Automations: Background Cron Jobs with App/Plugin Integration
Set non-interactive tasks to run scheduled/background: Connect apps/plugins, define instructions, frequency (e.g., daily 9AM), project. Codex executes autonomously.
Demos:
- Slack: Daily summary of replies (flag time-sensitive/urgent), topic-bucketing since yesterday, important channels alert. "Check messages I should reply to... bucket per topic."
- Gmail: Scan for legit/time-sensitive replies amid high volume—saves hours/day.
- Custom: "Create automation to scan Slack for Codex use cases, list for website." Codex proposes popup for approval/scheduling.
Manual setup: Select apps (Slack), instructions, frequency, project. Runs in app sandbox. Principle: Offload repetitive monitoring/data tasks; combine with codebase access for syncs (e.g., repo → Drive). Trade-off: Live demos can be chatty—use Spark for speed.
Common mistake: Vague instructions—specify bucketing/prioritization. Fits early in workflow: Automate intake before manual review.
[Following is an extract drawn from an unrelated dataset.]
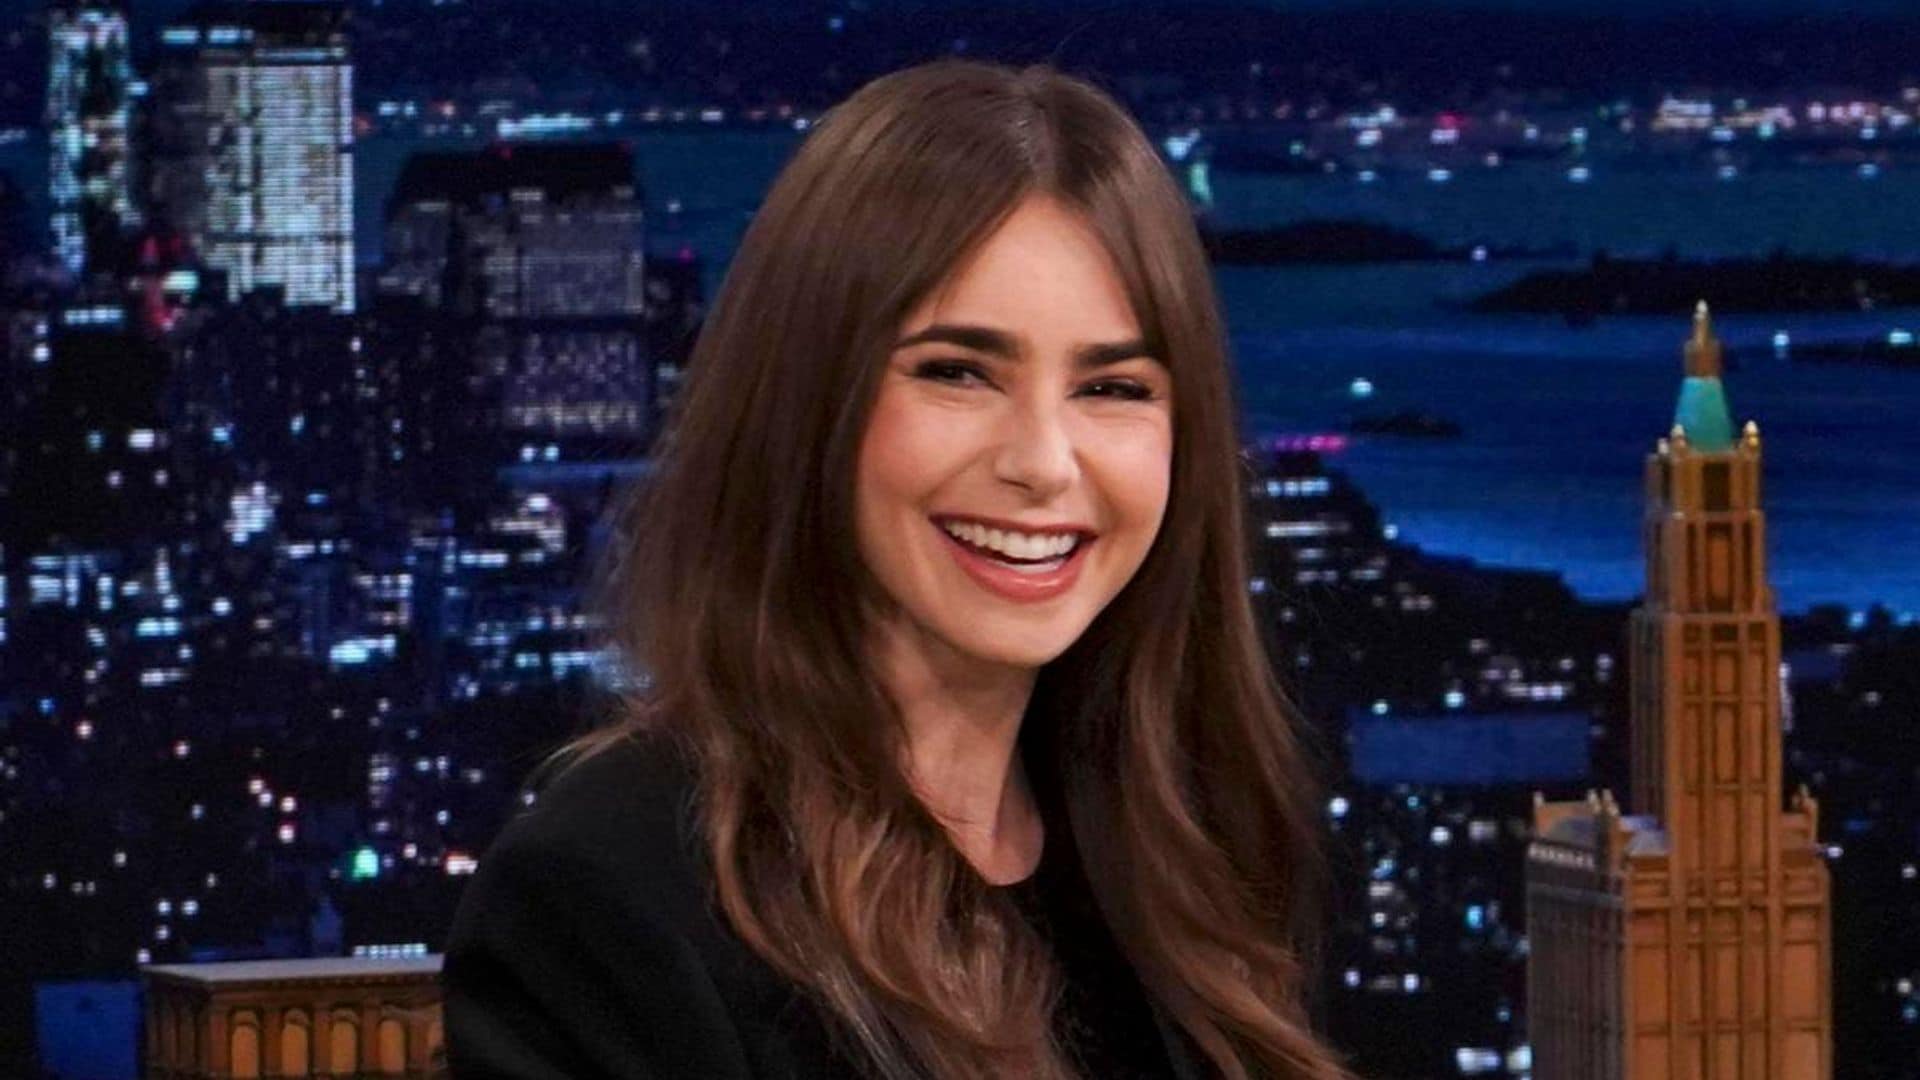 Lily Collins talks ‘Emily In Paris’ & how the shoot made her schedule weekly visits to the podiatrist

"Automations is again something that you can just set up using apps... set it to run on a scheduled time. So for example... every day at a certain time and it's just an instruction that Codex will run in the background."
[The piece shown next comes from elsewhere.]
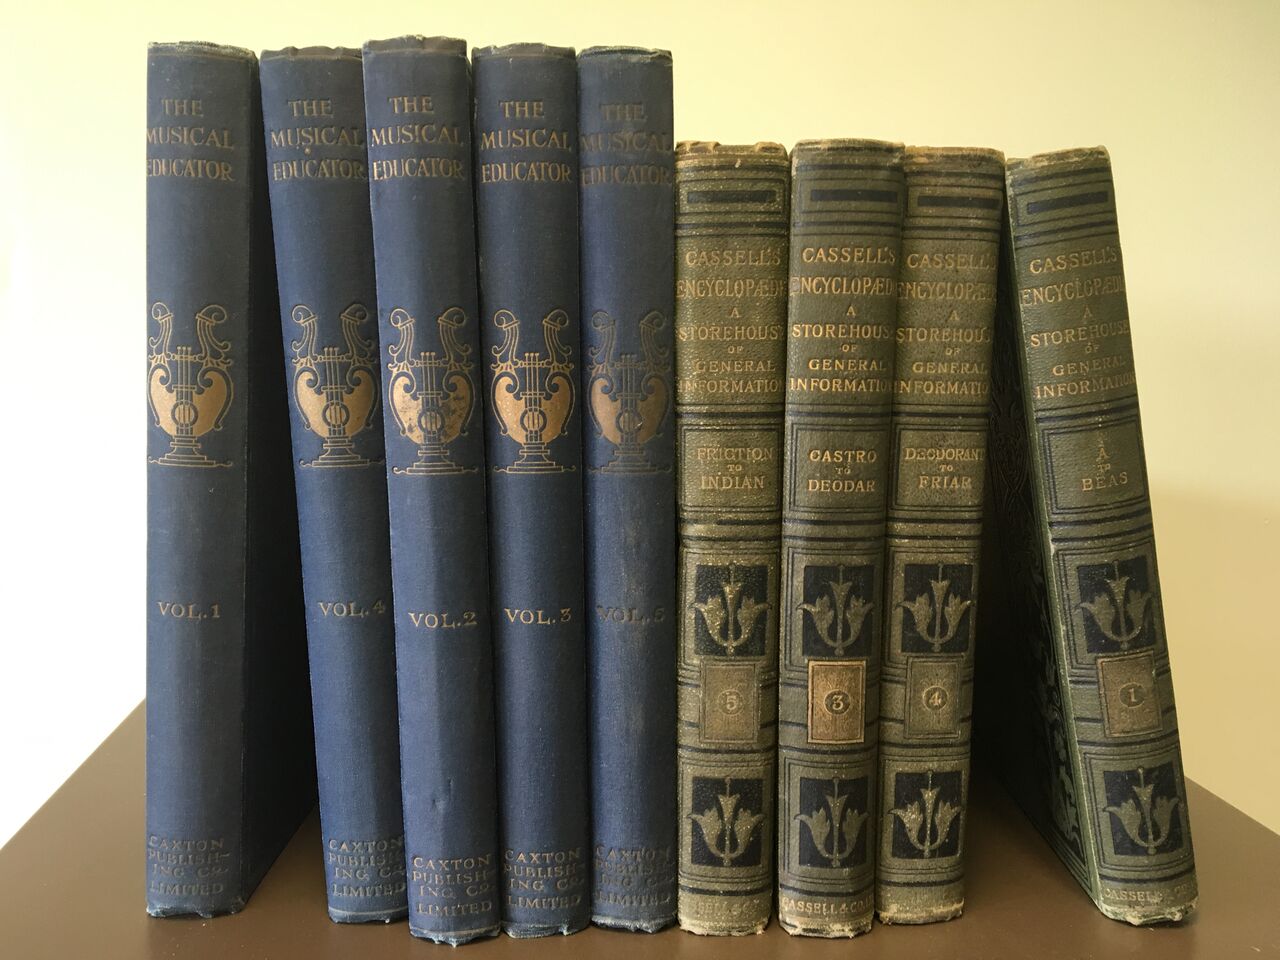 GROUP OF ANTIQUE ENCYLOPEDIA AND REFERENCE BOOKS - CASSELL'S AND THE MUSICAL EDUCATOR (9). FREE UK

Subagents and Parallel Execution: Custom Personas for Speed/Safety
Subagents parallelize tasks with specialized models/permissions/tools/personas. Use minis for cost/speed on short runs; mains for complex. E.g., spawn subagents for review/research/debug while main oversees.
Demos: Review persona files—subagents handle parallel checks. Custom creation: Define model (e.g., Mini), tools, permissions. Bleeding-edge: Guardian approvals (human gate for actions), hooks (custom triggers), personality settings.
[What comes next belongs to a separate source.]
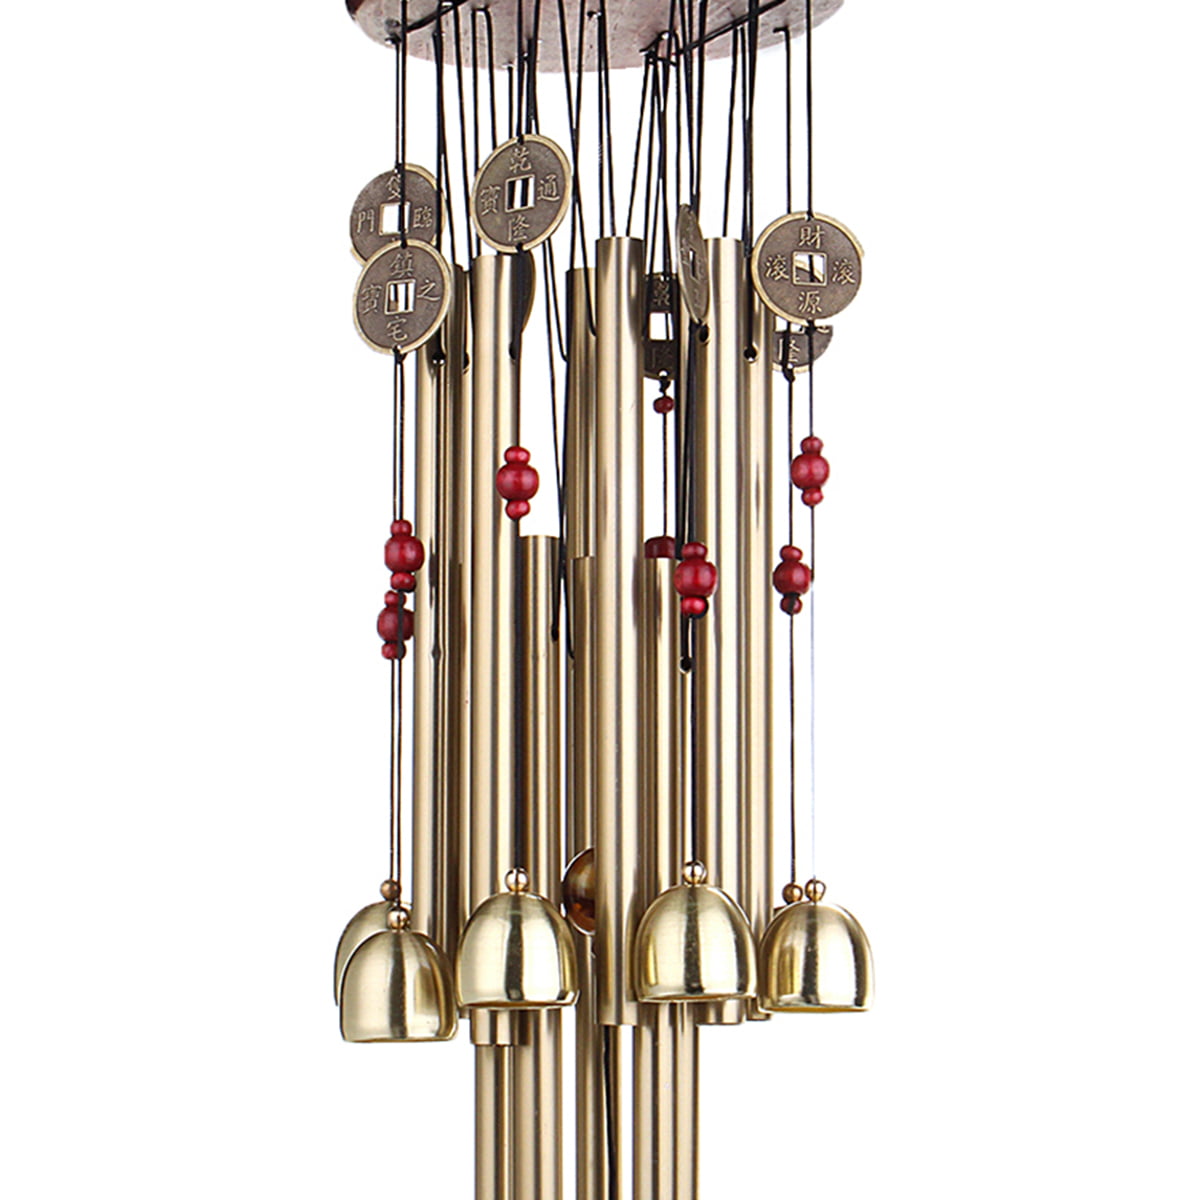 Bamboo Wind Chimes 5 Tubes Garden Feng Shui Decoration #2

Code Review: GitHub integration—explores/pulls, suggests fixes. Security: Cloud Code plugin, native sandboxes (Windows first). 3M weekly users (tripled since Jan).
Principle: Parallelism scales solo work; personas enforce safety (e.g., read-only subagents). Mistake: No permissions—risks unsafe executes. Quality: Measurable speed/cost wins; evaluate via work trees.
Exercise: In app, spawn subagent for bug hunt; approve via Guardian.
"Subagents... allow you to parallelize a particular feature or bug request... at a faster rate all whilst making sure that you don't pay as much cost."
Key Takeaways
- Start with Codex app for multi-project/work tree support; CLI/IDE for targeted use—reduces context switches.
- Install plugins like Game Studio/Google Drive to bundle visuals/data tools; prompt end-to-end (gen → test → sync).
- Build automations for daily drudgery (Slack/Gmail summaries)—specify priorities/frequency for reliability.
- Use subagents with Mini models for parallel review/debug; set custom personas/permissions for control.
- Leverage Fast Mode/Spark for speed; always embed safety via harness/Guardians—test in sandbox.
- For games/web: Combine ImageGen + Playwright Interactive; iterate visually, not just code.
- Scale with GitHub/Slack integrations; monitor via work trees for quality.
- Experiment: Recreate demos on your repo—measure time saved vs. manual.